Jasper's wildlife was on fine display the next day. We saw elk, deer, and even caribou throughout the town when we headed out the next morning. No bears (fortunately or unfortunately), but plenty of those beautiful elk in closeup.

Jasper SkyTram.
Ground squirrel.
We headed out for a ride on the Jasper Skytram (dogs were allowed here, just like on the Banff Gondola), and wandered up the mountain a bit in the foggy weather. There are amazing views, of course, even on a somewhat foggy day, and there's also a lot of wildlife. We saw ground squirrels, pikas, and hoary marmots up close and personal.

In the afternoon the weather turned rather rainy and we decided to drive to Miette Hot Springs. This turned out to be a longer drive from Jasper than we had really anticipated (the last bit on a very winding mountain road), but the hot springs pool was good once we got there.
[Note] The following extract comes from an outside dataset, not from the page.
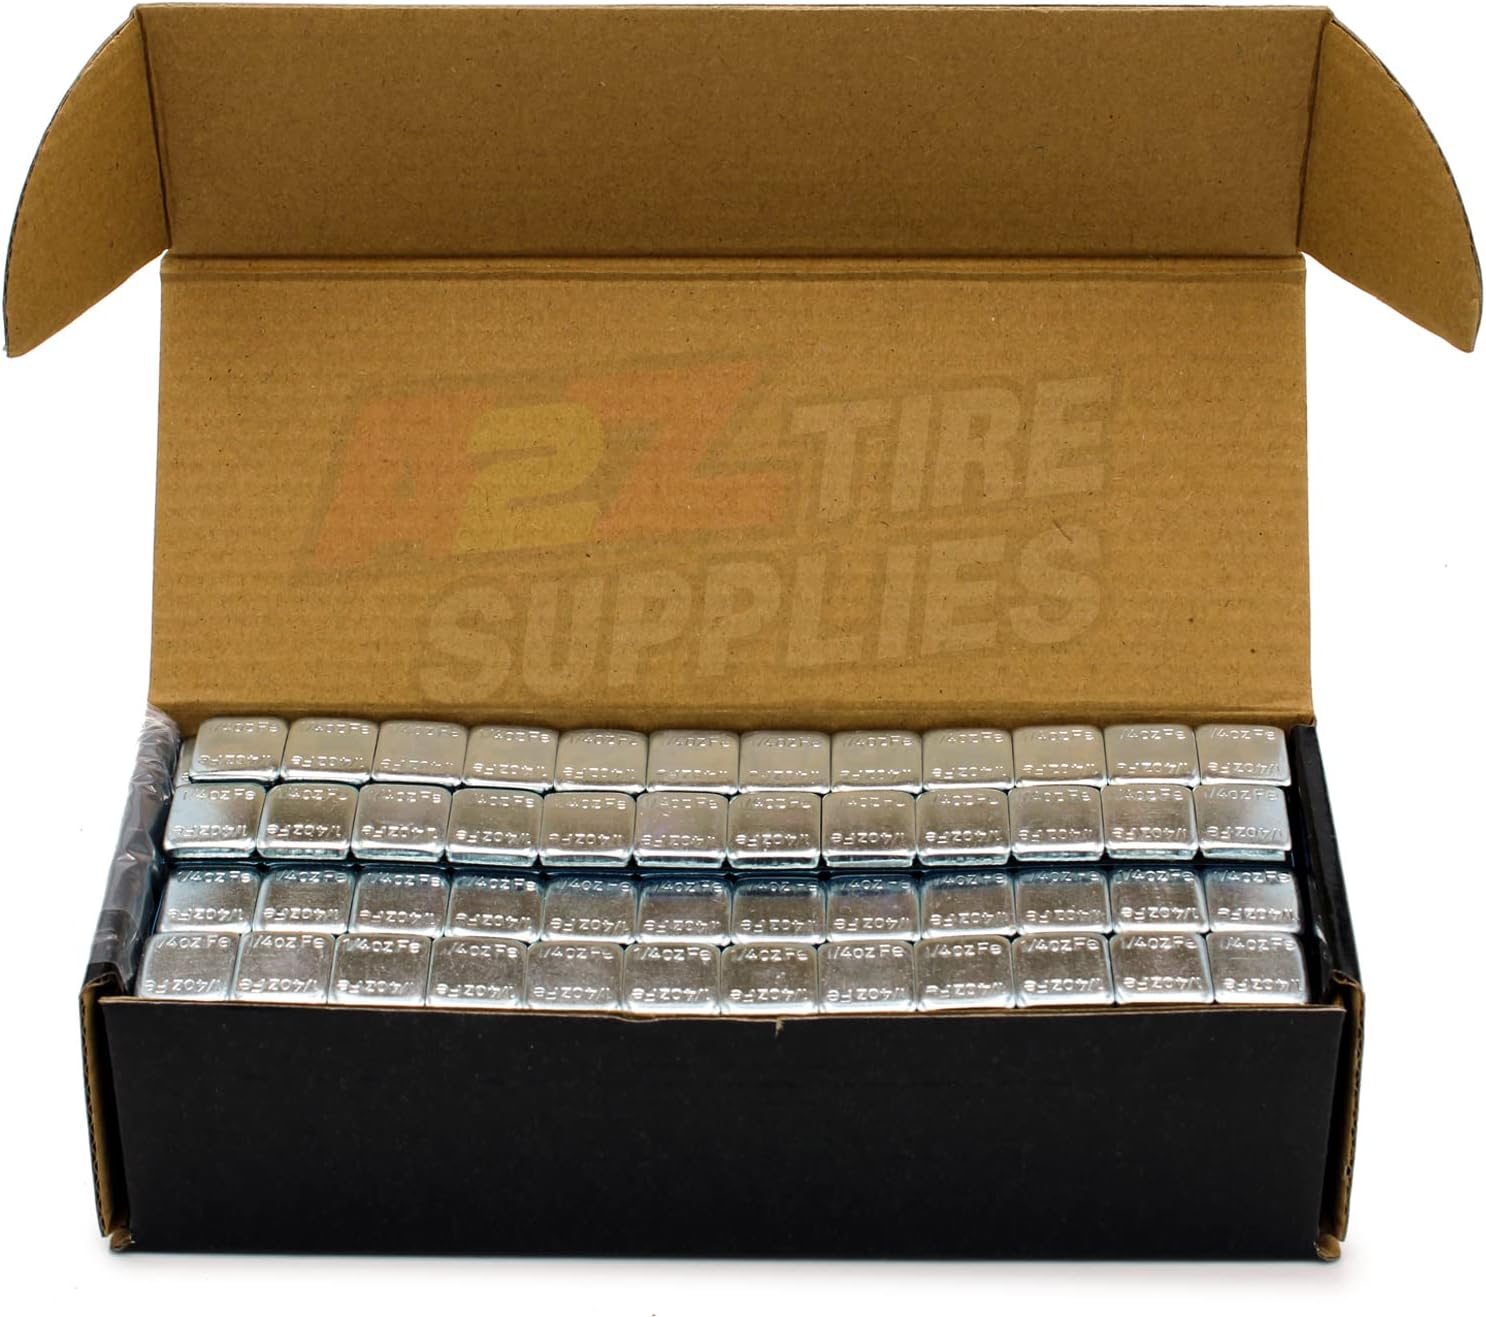 A2Z TIRE SUPPLIES 3600 pcs Zinc Plated FE Low Profile Adhesive Wheel Weight 1/4oz Segments 300 Strips 54 Lbs. for Car, SUV, Truck Specially Made for US Market

It is a rather busy place, but it is nicely laid out with two large hot pools, and a couple of smaller cold pools. The kids had a great time and had decided that hot springs, and gondolas (or skytrams) were definitely the way to go when you're on holidays.

There are also a lot hiking trails in the area (the dog did get a walk there), so the place is definitely worth a visit and it was an excellent way to spend a rainy afternoon. 

Food
We checked out Evil Dave's Grill for dinner and this was another foodie-hit. Yummy food, a great kids' menu, and the best brownie for dessert I've ever tasted. It was gluten-free and scrumptious.

View at Overlander Falls.

Day 6. Jasper to Kamloops 

This was when we left the Rockies behind. The drive from Jasper to Kamloops was an easy breezy trip. We had hoped for a good view of Mount Robson on the way, but no such luck: the clouds stubbornly shrouded most of the mountain. Instead, we opted for a short hike to Overlander Falls near Mount Robson, and ended up with a nice forest stroll and a good view of the roaring river. It was a short and nice walk for kids, dogs, and adults.

As we drove through Valemount and eventually into the Okanagan area, it was amazing to see how the landscape, geography and vegetation changed along the way: British Columbia is a pretty spectacular place. And when we eventually got to Kamloops, it was really, really hot. No surprise in August!

Going for a swim in Kamloops.
For dogs, Kamloops turned out to be quite the paradise with lots of off-leash areas. We chose to take our fur-ball down to the river, to an off-leash area at Overlander Park Beach. It was a beautiful place with a great view of the city across the water and a wide stretch of sand for dogs to run around on nect to the water. With the warm weather, evening sunshine, and some friendly local dogs to play with it was definitely a hit with both the humans and the dog.

Accommodation

We stayed at the Best Western Plus in Kamloops. This is a great hotel, and dogs are welcome in some of the rooms on the bottom floor. Our dog-friendly room was spacious and sparkling clean. It had a big bathroom, nice beds, and we were even able to borrow a food bowl for the dog (he'd been eating off borrowed plates until then). There is also a pool for guests to use.

Food

For dinner, we headed to the closest White Spot restaurant. Sometimes, an "old reliable" is the best choice, and everyone was pretty tired by that point. The service was good and the food was tasty, as always.

Hill Top Gardens Farm and store.

Day 7. Kamloops to Vancouver

Breakfast at the Best Western Plus was tasty and plentiful, though there was really not enough room in the designated breakfast lounge for all the people who wanted to eat. The biggest hit with my kids? A pancake machine. Yes, indeed: a machine that makes pancakes at the press of a button. They even tasted good, and I think I might want one for my kitchen now.

On the drive home to and through the Fraser Canyon, we stopped at the Hilltop Gardens Farm and picked up some fresh peaches. It's a wonderful little place to stop at right on the side of the road. and I highly recommend if you're there in peach season!

All photos by me, Nils Gunnar Larsson, or Doug Haskins.